So, lawyers make bad choices as leaders??  Bushes I and II and Reagan have created 80% of the total deficit in the history of America!  Rampant, irresponsible  deregulation, no accountability, squandering money, illegal activities (Contragate, wiretapping, torture), unnecessary wars, etc. etc.  Not sure I see a connection between being good for America and not being a lawyer!


Posted By: CRW  on Thursday, September 11, 2008

George Washington, one of our two greatest presidents, wasn't a lawyer or attended college.  Abraham Lincoln was a lawyer although he never attended college or law school and had little formal education.  Two of our worst presidents, James Buchanan, Lincoln's predecessor, and his predecessor, Franklin Pierce, were formally trained lawyers.

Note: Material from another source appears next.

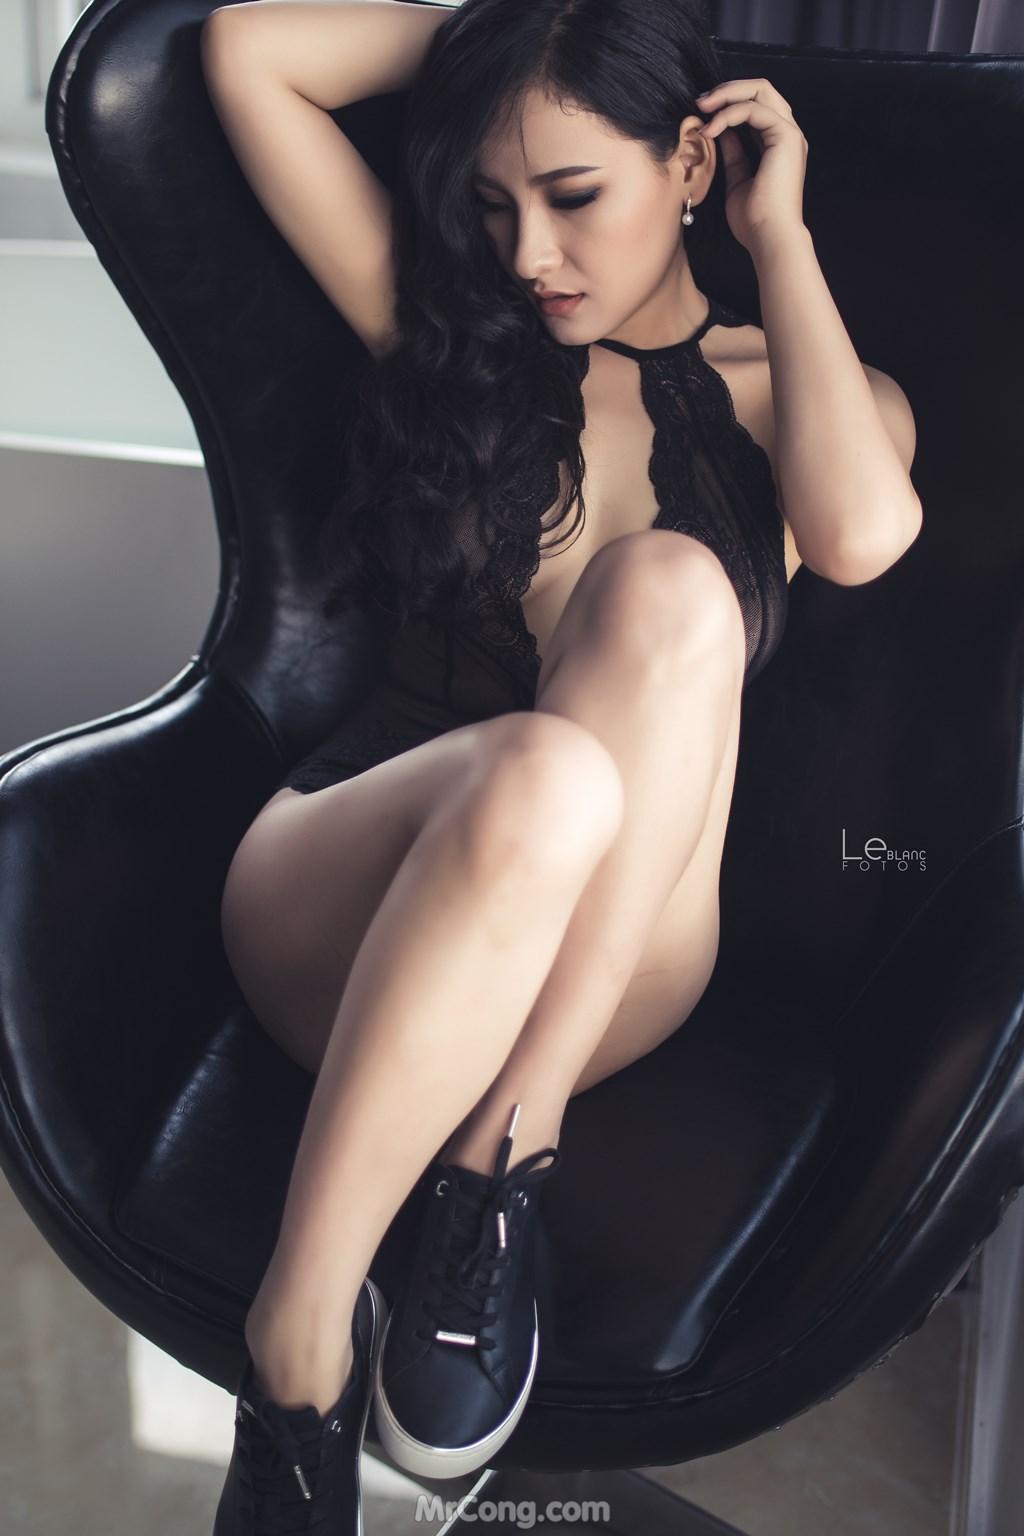 Image Sexy-Vietnamese-Models-by-Le-Blanc-Studio-Phan-3-MrCong.com-020 in post Những bức ảnh nội y, bikini siêu nóng bỏng của Le Blanc Studio – Phần 3 (446 ảnh)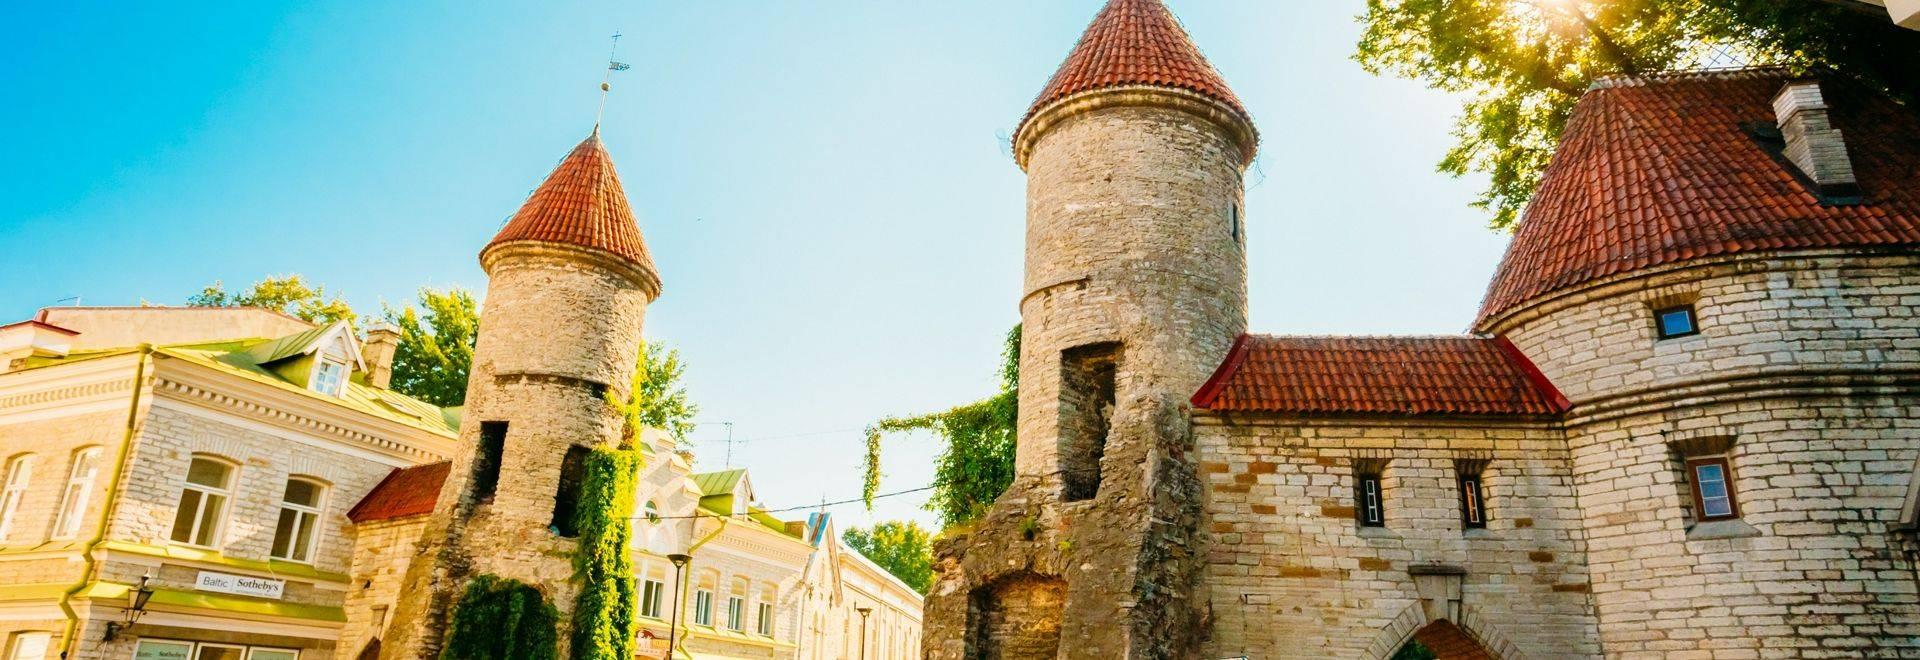 Shutterstock 217817677 Old Town, Tallinn

James Madison, one of of our better presidents, wasn't a lawyer despite some claims to the contrary, but still managed to help craft the US Constitution.  



Patriot Tom - try reading some history and put some perspective into your judgments.  Woodrow Wilson, a Democrat, who attended law school, but didn't graduate (he later gained a PhD in political science amd became president of Princeton University) got the US into World War 1, a far more unnecessary war from a historical perspective.  Also, under Wilson the US saw the Palmer raids and the introduction of segregation into parts of the federal government where it hadn't existed.  William McKinley, a lawyer, a Republican who favored high tariffs (how's that for a switch), was the president when the US fought Spain ( a measure he initially opposed), took over Cuba and annexed Puerto Rico and the Philippines, an open land grab denounced by the then Speaker of the House Thomas Reed, Mark Twain, Andrew Carnegie, and John Dewey and several other noteworthy figures.  And does the name "Vietnam" ring any bells with regard to unnecessary wars?  



Unnecessary wars, corruption, squandering money, lack of accountability, illegal activities - just about everything you mentioned was done as bad or worse under previous presidents.  I don't know about the deficit, but I suspect that corrected for inflation, Reagan and the Bushes administrations account for considerably less than 80%.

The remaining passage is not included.